The 10Y G-Sec yield represents the interest rate that the Indian government pays on its 10-year benchmark Government Securities (G-Secs).

It is the rate of return an investor can expect by holding a government bond for 10 years.

This yield serves as a key reference rate for pricing other financial products and is considered a barometer of long-term interest rates in the economy.

What is the significance of 10Y G-Sec Yield?

The 10Y G-Sec yield is a crucial indicator of the overall economic health and future interest rate expectations.

It serves as a benchmark for pricing corporate bonds and other fixed-income securities.

Changes in the yield reflect market expectations of future monetary policy decisions by the RBI.

The yield directly impacts the government's borrowing costs.

The yield is sensitive to global economic conditions and foreign investment flows, reflecting India's integration with global financial markets.

How to interpret 10Y G-Sec Yield?

A rising yield often indicates expectations of stronger economic growth, while a falling yield may suggest economic uncertainties or expectations of lower growth.

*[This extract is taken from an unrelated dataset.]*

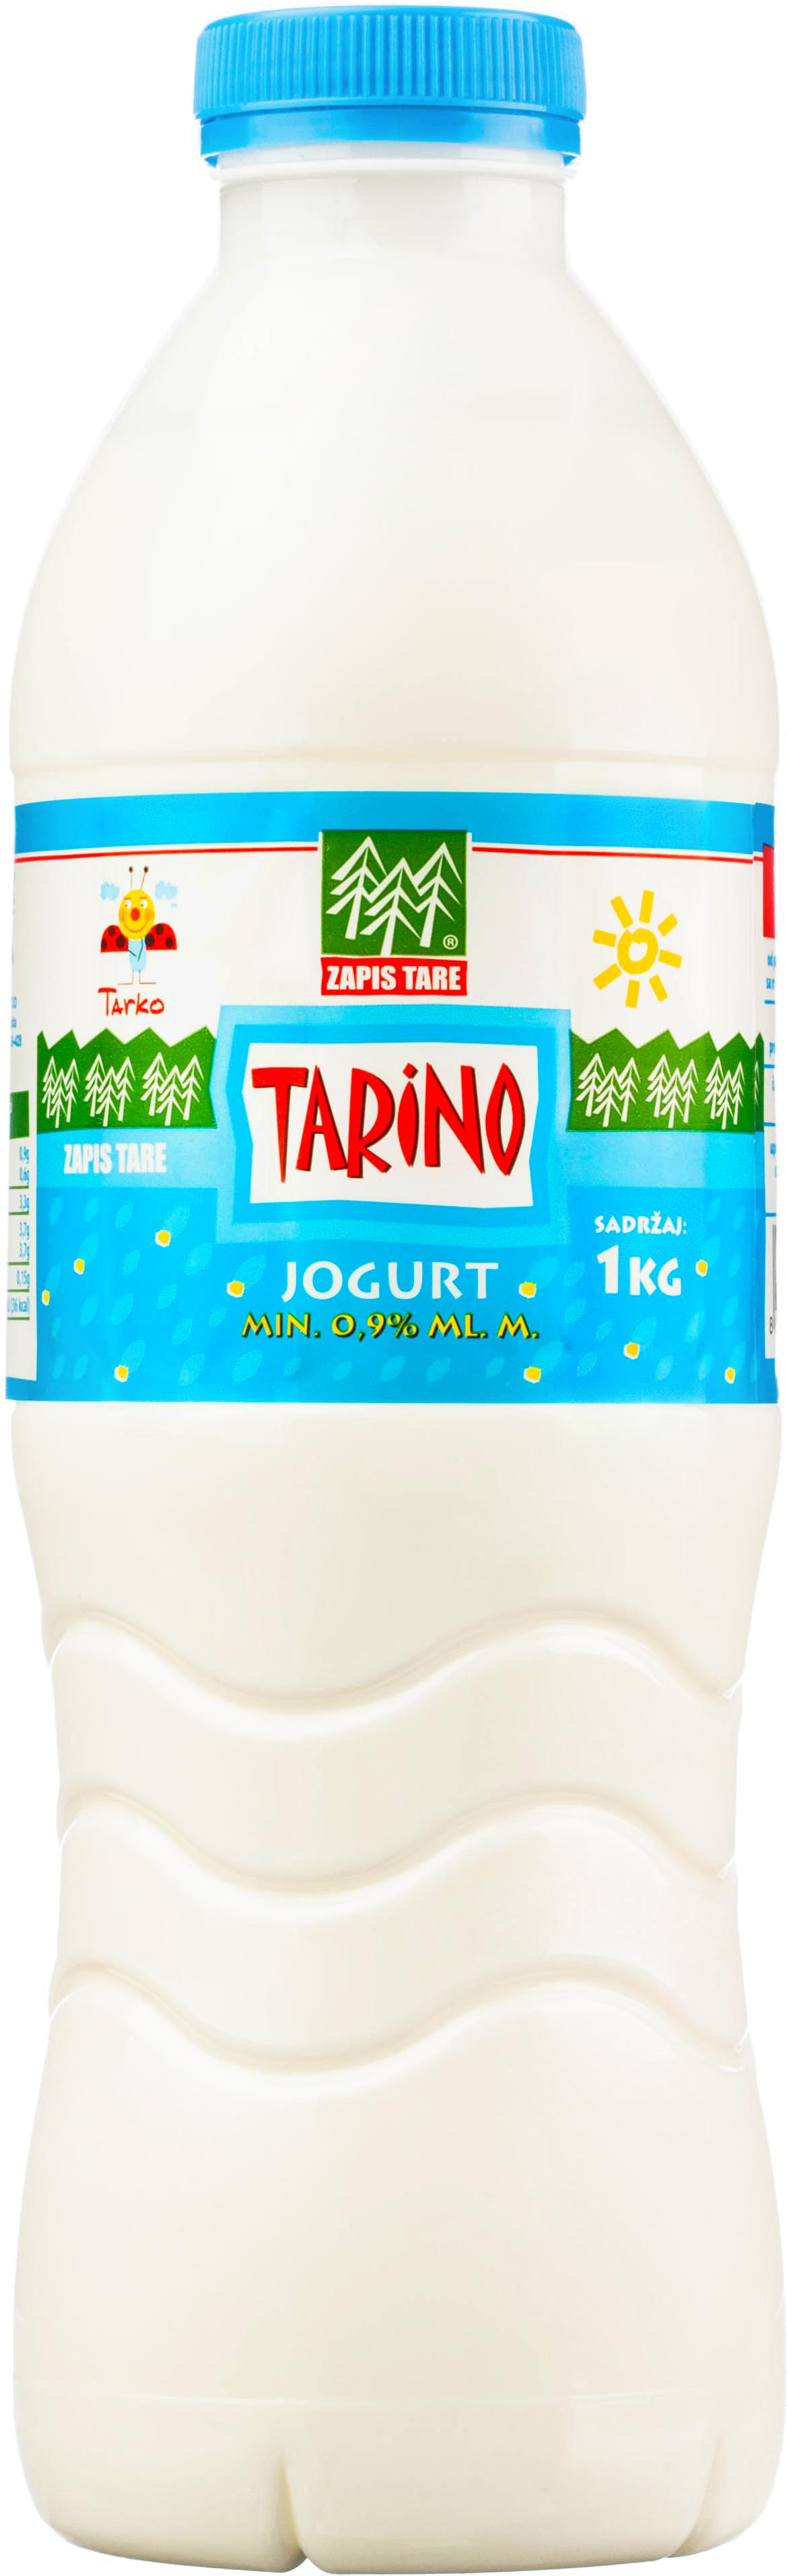 Slika za Jogurt Tarino 0.9%mm Zapis Tare 1kg

Higher yields can signal increased inflation expectations, as investors demand higher returns to offset potential erosion in purchasing power.

Changes in the yield reflect shifts in risk perception. A sharp rise might indicate increased risk aversion or concerns about fiscal health.

Movements in the yield should be interpreted in the context of global bond yields, especially U.S. Treasury yields, to understand domestic versus international factors.

Sudden changes in the yield can reflect shifts in market liquidity or changes in foreign investment flows.

Persistent rises in yield might indicate concerns about the government's fiscal position and its ability to manage debt.

Higher yields typically translate to increased borrowing costs for corporations, potentially affecting their investment and expansion plans.